CB extends loan moratorium, other relief to pandemic-affected borrowers till December



  • Applies to both capital and interest components on case-by-case basis 
  • Borrowers who seek extended relief are required to make formal requests on or before Sept.21
  • Banks asked to prioritise requests made by micro, small and medium sized enterprises
  • Banks asked not to charge any penal interest rate during the payment holiday  period

Borrowers who continue to be battered by the pandemic-induced restrictions on their income generating activities are given further four months of loan relief and a host of other concessions, effective from September 01, 2021.  The fresh round of payment holidays for affected borrowers came as the most recent relief scheme—third since the start of the pandemic.  

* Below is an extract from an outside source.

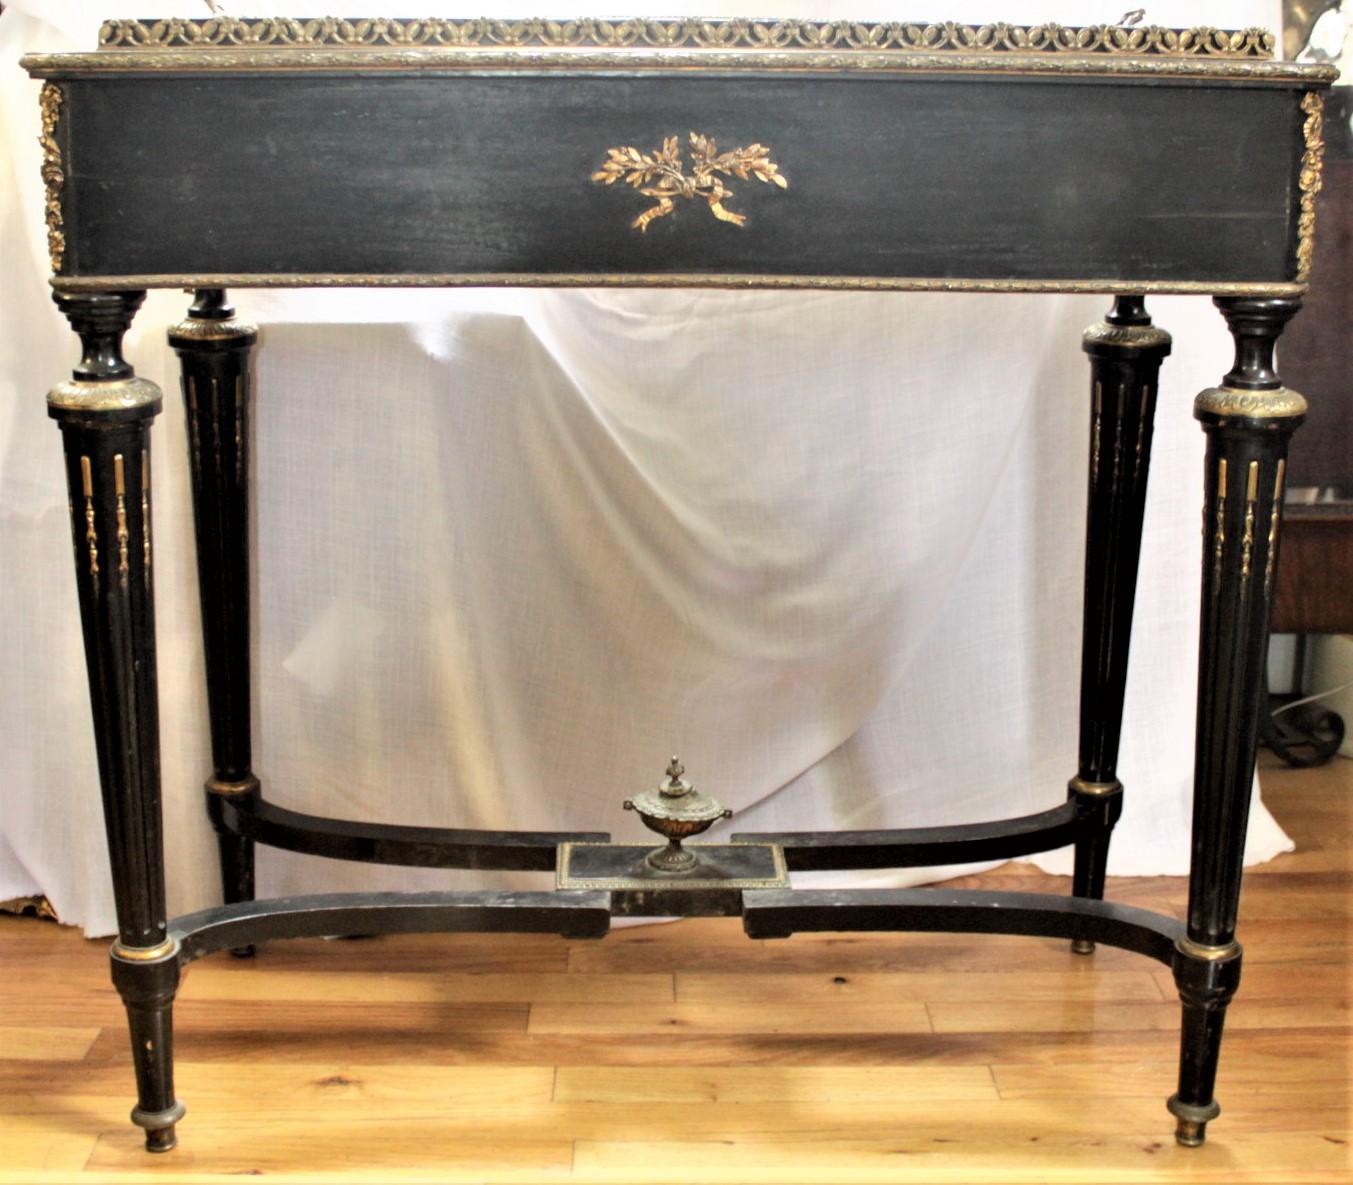 Cast Antique French Louis XVI Styled Ebonized Jardinière Table with Inset Plaque Top For Sale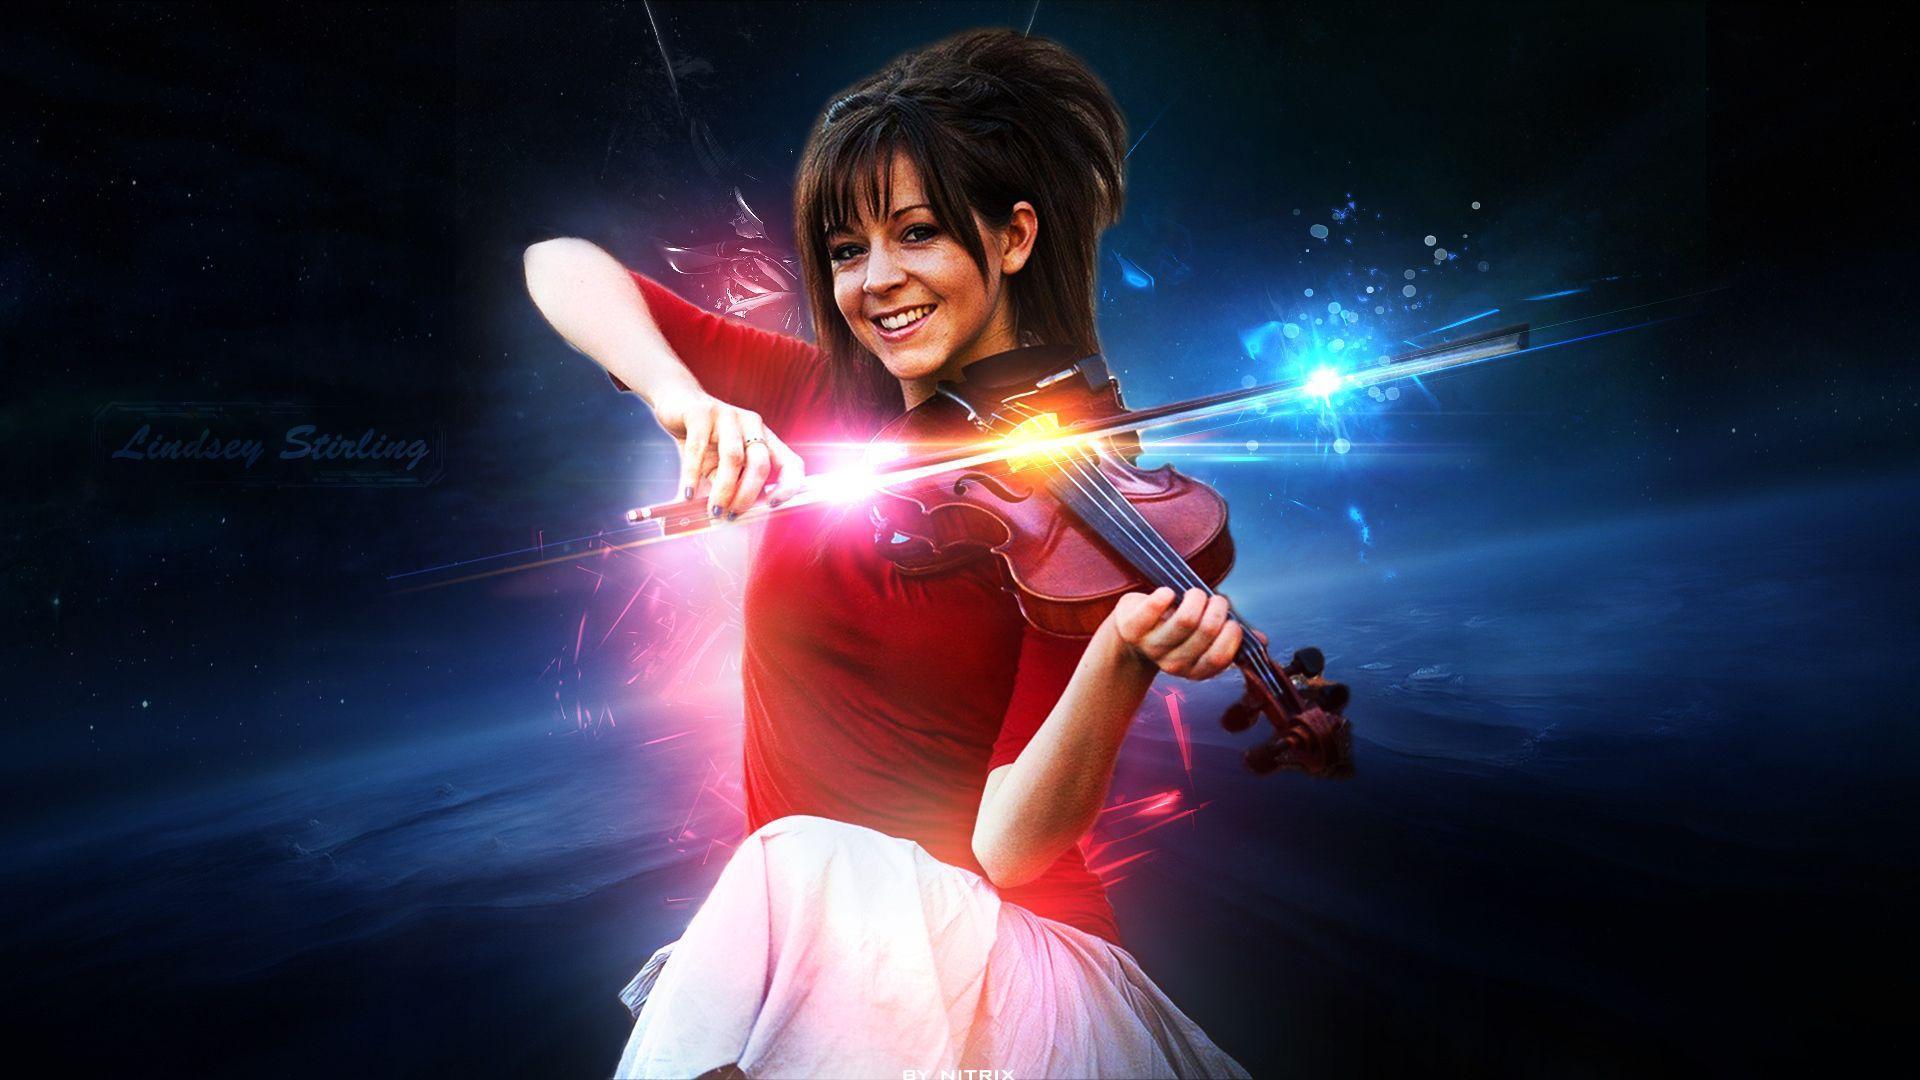 Lindsey Stirling Wallpaper Image Photo Picture Background

The previous two rounds of moratorium were operational from April 2020 through September 30 and October 1, 2020 through March 2021. 


According to the new scheme, which came into effect on September 01, 2021, the pandemic-affected borrowers who make formal requests for such relief get time till December 31, 2021 to hold on their loan installments consisting of both capital and interest on a case-by-case basis, “considering the financial difficulties faced by such borrowers, including loss of job, loss or reduction of income/salaries or sales, reduction or impairment of business operations or the closure of business etc.”, a circular issued by the Central Bank to licensed commercial and specialized banks read. 


Borrowers who seek extended relief are required to make formal requests on or before September 21 in writing or through electronic means, but any delays would be tolerated as long as the reasons for such delays are acceptable to the bank. 


Any rejection of the application for relief must be informed in writing within 14 days by the bank with reasons for rejecting, but the borrower has the option to appeal against such rejection with the Director, Financial Consumer Relations Department at the Central Bank, requesting a review. 


In entertaining requests for relief under the scheme, the Central Bank asked banks to prioritise the requests made by micro, small and medium sized enterprises, as they are the hardest-hit segment from the pandemic.


Stipulating the mechanism as to the recovery of the installments which fell due during the moratorium, the Central Bank asked banks to amalgamate the amounts due from the previous rounds of moratorium with the current round of moratorium, including capital and interest into a new loan and agree on a repayment date commencing from July 1, 2022 up to 6 months. 

Such a loan carries the interest rate of 1 percent above the latest one-year treasury bill rate as at August 31, which is 5.93 percent, and together makes to 6.93 percent, at which the interest calculation commences from September 1, 2021 for the agreed period of repayment. Meanwhile, in respect to loans denominated in foreign currencies, licensed banks may charge a concessionary rate of interest, the circular read. 


For borrowers who seek repayment periods beyond six months to settle their loans should agree for a concessionary rate beyond the 6-month period with their respective banks.  Alternatively, banks may also opt to restructure facilities on a case-by-case basis considering the repayment capacity of the borrower and an availability of an acceptable revival plan. 


However, the regular servicing of facility will commence on January 1, 2022 with the end of the current moratorium scheme on December 31, 2021.  In respect of relief for non-performing loans as at September 1, banks were asked to reschedule such facilities on a case-by-case basis over a longer period of time, considering the repayment capacity and an acceptable revival plan. 


Banks were also asked to suspend all types of recovery actions until December 31, 2021 against facilities that have been classified as non-performing on or after April 1, 2020. 


“In instances where there are ongoing litigations in Courts relating to recovery, borrowers shall enter into agreement in Courts to obtain this concession,” the Central Bank added.  Besides the above relief, the Central Bank also asked banks not to charge any penal interest rates during the period of the payment holiday and waive off any accrued or charged penal charges during April 1 2020 to September 1, 2021 in respect of non-performing facilities, provided such facilities are considered for restructuring under this scheme.  Further, banks were also asked not to levy excessive fees or charges in relation to granting the concessions under this scheme and should inform in writing to the borrower of such fees if there are any. 


Also, the validity period of cheques valued less than Rs.500, 000 would be extended until October 31, 2021 under this scheme, while charges for cheque returns and stop payments in relation to all cheque payments would be discontinued until September 30, 2021. 


Meanwhile, banks were also asked to discontinue the late payment fees on credit cards and other credit facilities up to October 31, 2021, “ for those demonstrably affected”. 


For those borrowers who would want to settle their loan facilities during the moratorium period instead of opting for the concessions under the scheme should be encouraged to do so by providing interest rebates and without slapping early settlement fees and, other fees and charges including recovery of future interest of lease facilities, if any. 


Further, banks should also accommodate requests by borrowers to delay the due dates of their installments dates up to 15 working days without deferring or restructuring such facilities and without additional interest or charges considering the ongoing quarantine lockdown.